# Cadets wearing Year of the Veteran Pin



## q_1966 (5 May 2005)

Wondering if Cadets are allowed to wear the Year Of the Veteran Pins. Its been cleared for CIC officers, but what about Cadets?

Lets spell veteran right please


----------



## Big Foot (5 May 2005)

I doubt it, as cadets are not members of the CF while CIC officers are.


----------



## Dogbert (5 May 2005)

Dont see why cadets cant show some support for the vets..


----------



## Jonny Boy (5 May 2005)

i wouldn't see a problem with it. there was the 125 anniversary pin, and there was the queens 50th year on the thrown pin. i think we should. it shows respect to our veterans.

this shows that all mebers of the CF are supposed to wear the pin. it dosent say anyhting about cadets so i am not sure. i will keep looking.

http://www.vac-acc.gc.ca/general/sub.cfm?source=feature/yearofveteran05/yov_newsltr


----------



## Big Foot (5 May 2005)

My point is that it would have to be authorized by the powers that be in the CCM. I don't have a problem with it, my only issue is it would have to be approved for wear on uniform.
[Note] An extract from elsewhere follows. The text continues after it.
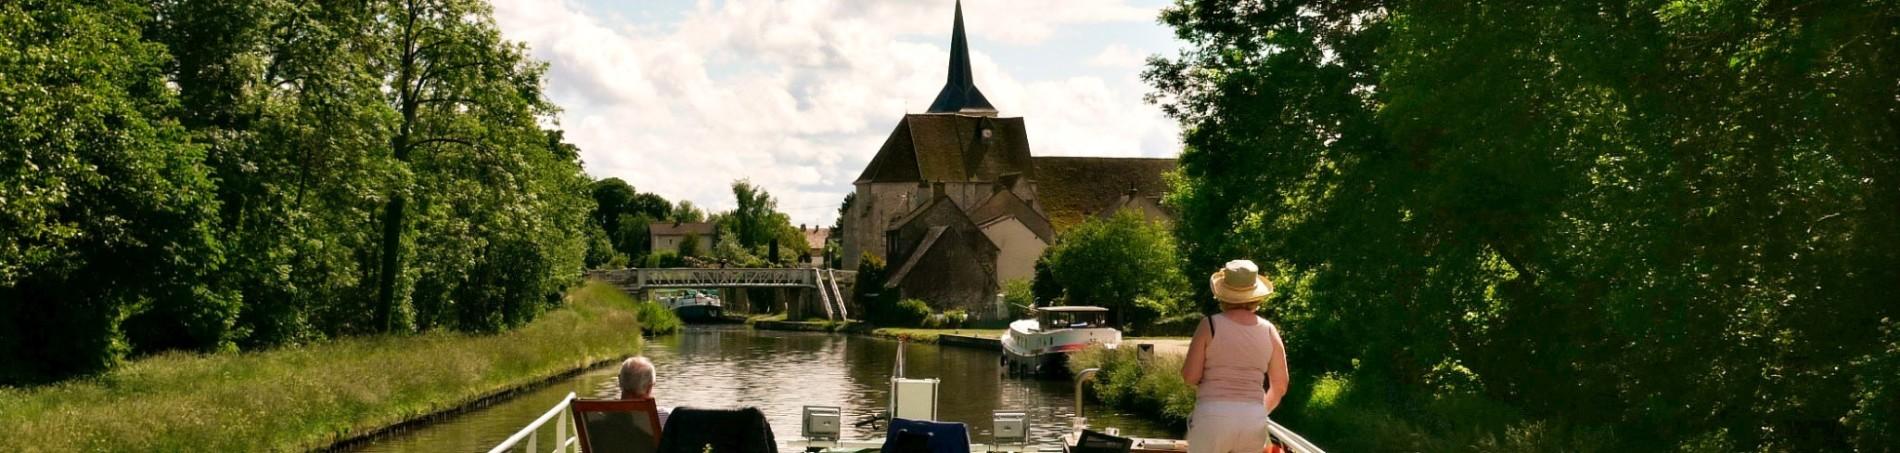 Aankomst in Montbouy op het kanaal van Briare

As well, To the best of my knowledge, the pins are only distributed to CF and DND pers, in limited supply.


----------



## Ltmel (5 May 2005)

I received an e-mail today that has been forwarded from the Director Cadets.  Cadets are now authorized to wear the pin, it will be distributed shortly.  It is to be worn centered on the right breast pocket flap.  Hope they arrive before camp!


----------



## Big Foot (5 May 2005)

Well, that clears up my concern. Glad to see that it has been approved.


----------



## Jonny Boy (5 May 2005)

Ltmel said:
			
		

> I received an e-mail today that has been forwarded from the Director Cadets.  Cadets are now authorized to wear the pin, it will be distributed shortly.  It is to be worn centered on the right breast pocket flap.  Hope they arrive before camp!



oh good. they look pretty nice, and it is about time we have something for our veterans


----------



## Zedic_1913 (6 May 2005)

Ltmel said:
			
		

> I received an e-mail today that has been forwarded from the Director Cadets.   Cadets are now authorized to wear the pin, it will be distributed shortly.   It is to be worn centered on the right breast pocket flap.   Hope they arrive before camp!


Would a cadet wearing a CF uniform wear it above the nametag like members of the CF or on the pocket as dictated (as Army Cadet CWOs are entitled to wear a CF uniform with cadet insignia)?


----------



## Saorse (6 May 2005)

I assume this would be posted on cadets.ca at some point? Do they have to officially publish something of this sorts?


----------



## Ltmel (6 May 2005)

I hope that it is posted on cadets.ca soon.  It has filtered its way down cadetnet though.  As a cadet, regardless of the uniform you wear as indicated.  I have never heard that about the CF uniform, where is that written?


----------



## Zedic_1913 (6 May 2005)

Ltmel said:
			
		

> I have never heard that about the CF uniform, where is that written?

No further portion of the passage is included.